Бессмысленный, потому что все уже понял. Понял по растерянным и виноватым Настиным глазам, которые она старательно от него отводила. Понял по жалости, мелькнувшей на ее лице. И… И еще досаде… На него? За то, что поставил ее в такое сложное положение? Ведь говорить «нет» всегда трудно… Или не на него?.. Впрочем, это уже неважно…
– Андрей, вы… – Настя подняла на него глаза. – Вы извините, но… Я не знаю, как вам это объяснить… Это очень сложно… Это чувства. Как сказать словами, я не знаю…
Настя замолчала, опустив голову. Все… Она теряет этого мужчину. Она теряет свое счастье. Может, он остановит ее? Переубедит? Она готова переубедиться! Она готова на все! Она поверит каждому его слову. Поверит любой небылице! Пусть Андрей скажет, что все ерунда! Пусть скажет, что будет любить ее, несмотря ни на что! Даже такую, какая она есть, – фригидную и дикую…

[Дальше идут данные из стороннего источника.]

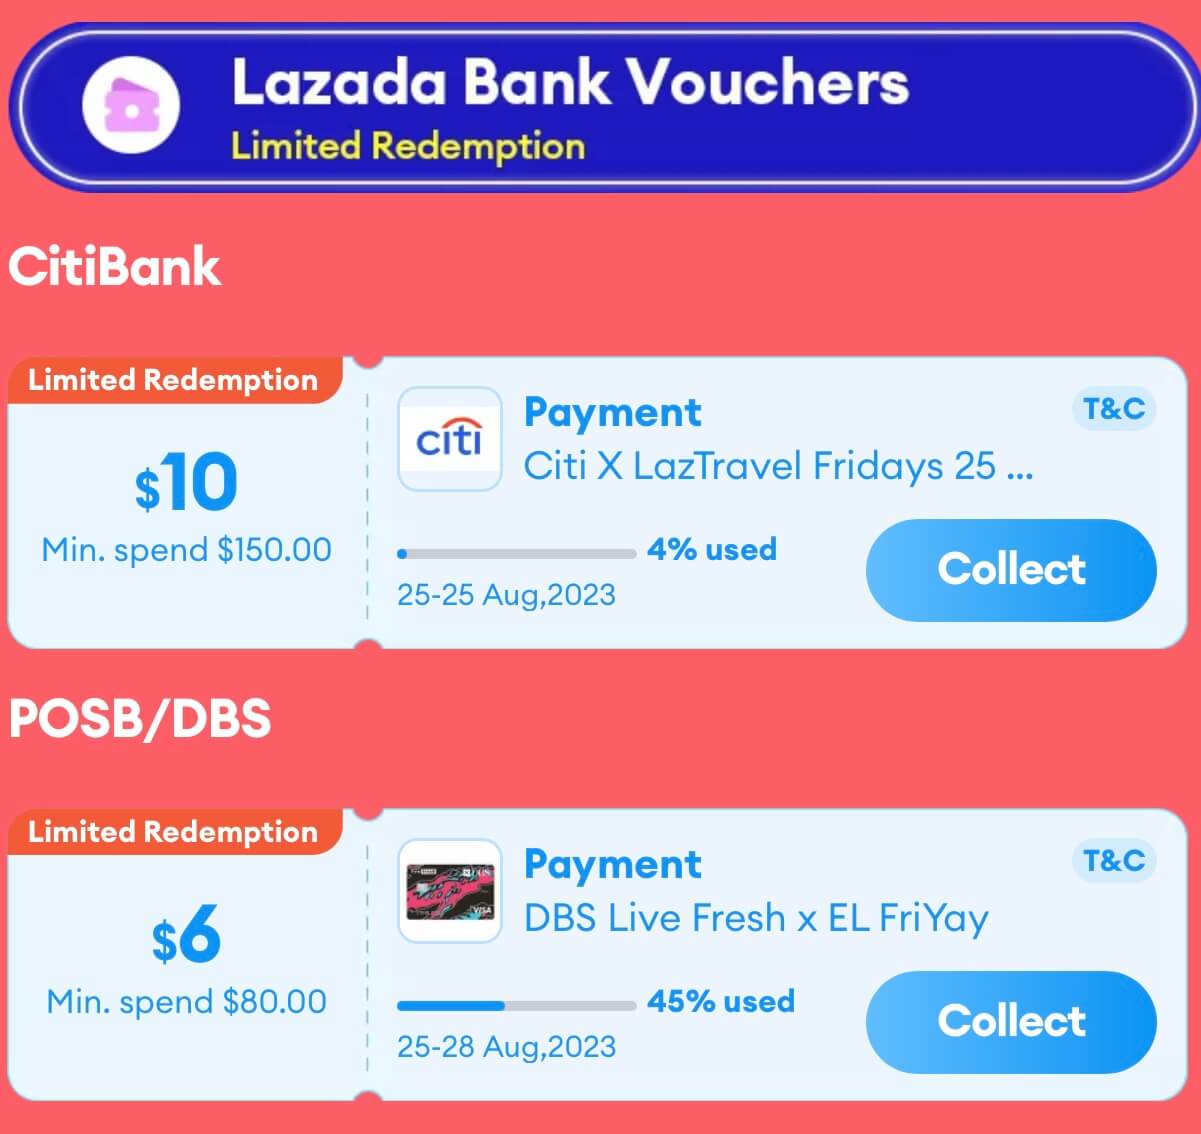 Lazada bank vouchers

– Я понимаю, – сказал Андрей четко и спокойно. – Вы не нервничайте, Анастасия Сергеевна… Я все понимаю… Если вы уже любите, то…

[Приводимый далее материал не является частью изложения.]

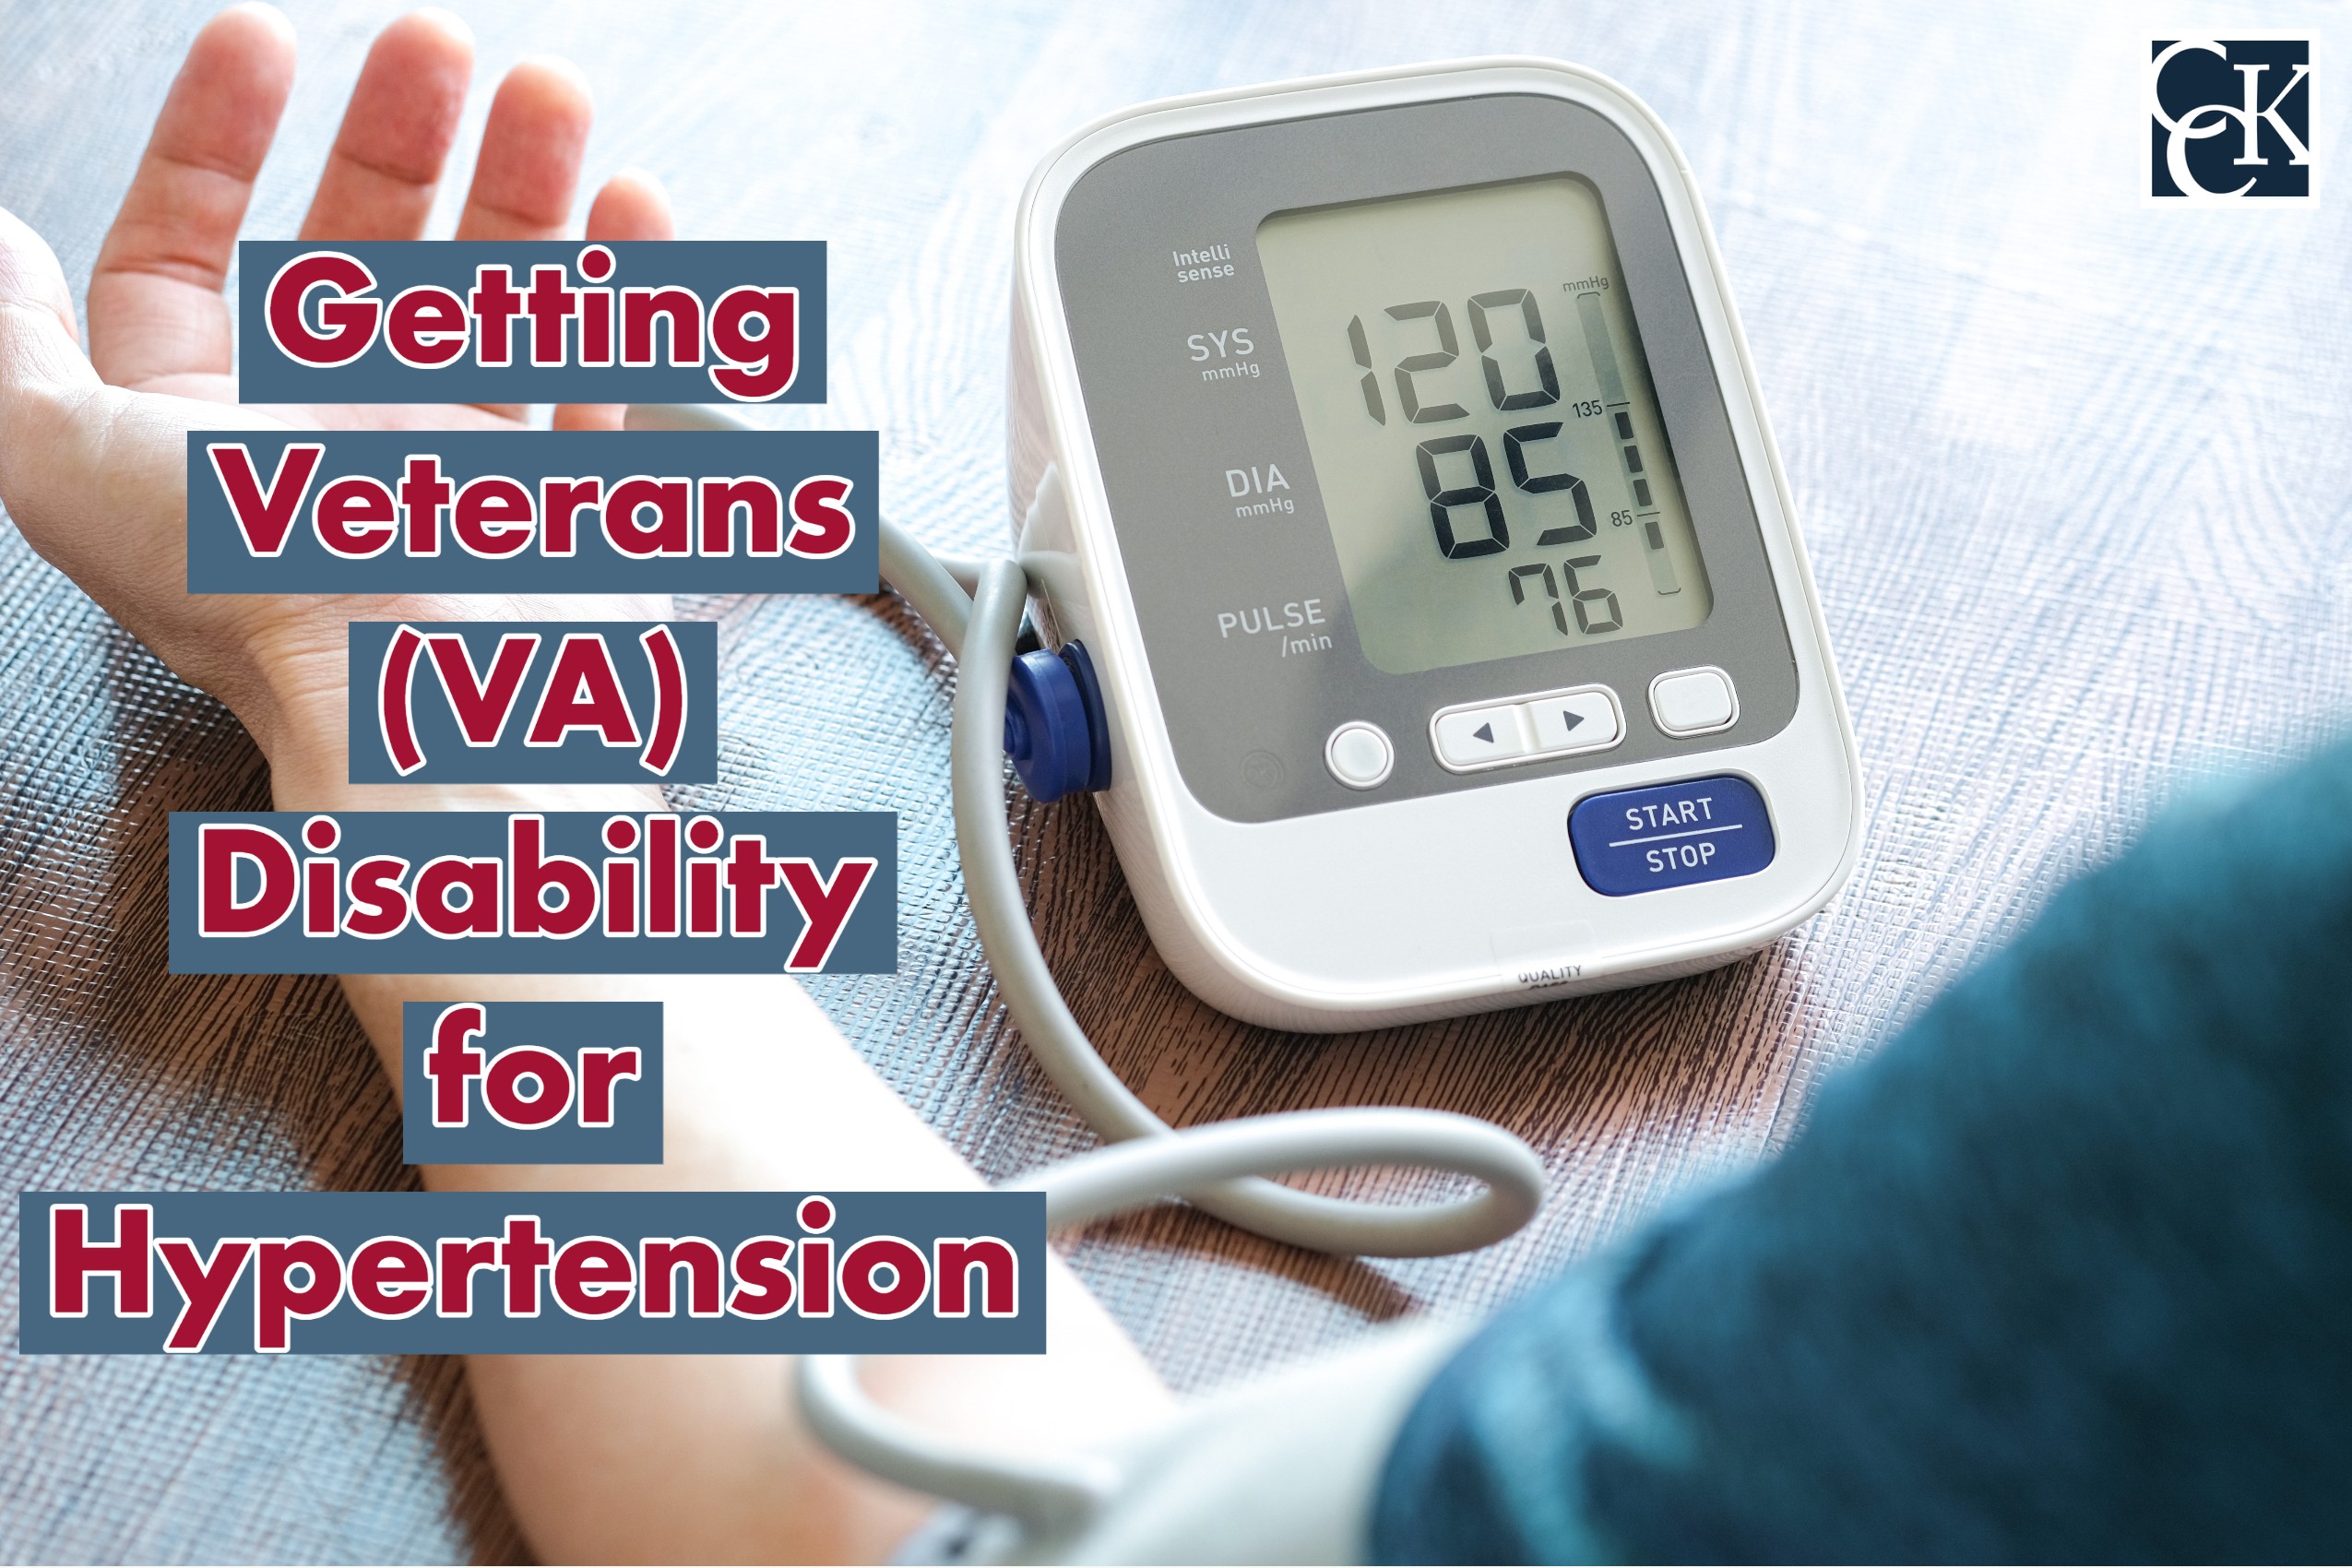 https://cck-law.com/wp-content/uploads/2019/07/Getting-Veterans-VA-Disability-for-Hypertension-1.jpg

Андрей встал и направился к двери.
Настя с ужасом смотрела, как с каждым шагом он удаляется от нее на целую вечность, удаляется на целую жизнь, удаляется навсегда, и еле сдерживала рвущийся наружу крик.
Он не стал ее ни в чем убеждать! Он уходит! Вместе с ним уходит ее счастье! Уходит надежда! Уходит любовь! Он просто уходит…
– Андрей! – прошептала Настя.
– Да? – оглянулся он.
– Я… Простите…
Настя не знала, что ему сказать! Не могла она сказать, что любит его! Не могла!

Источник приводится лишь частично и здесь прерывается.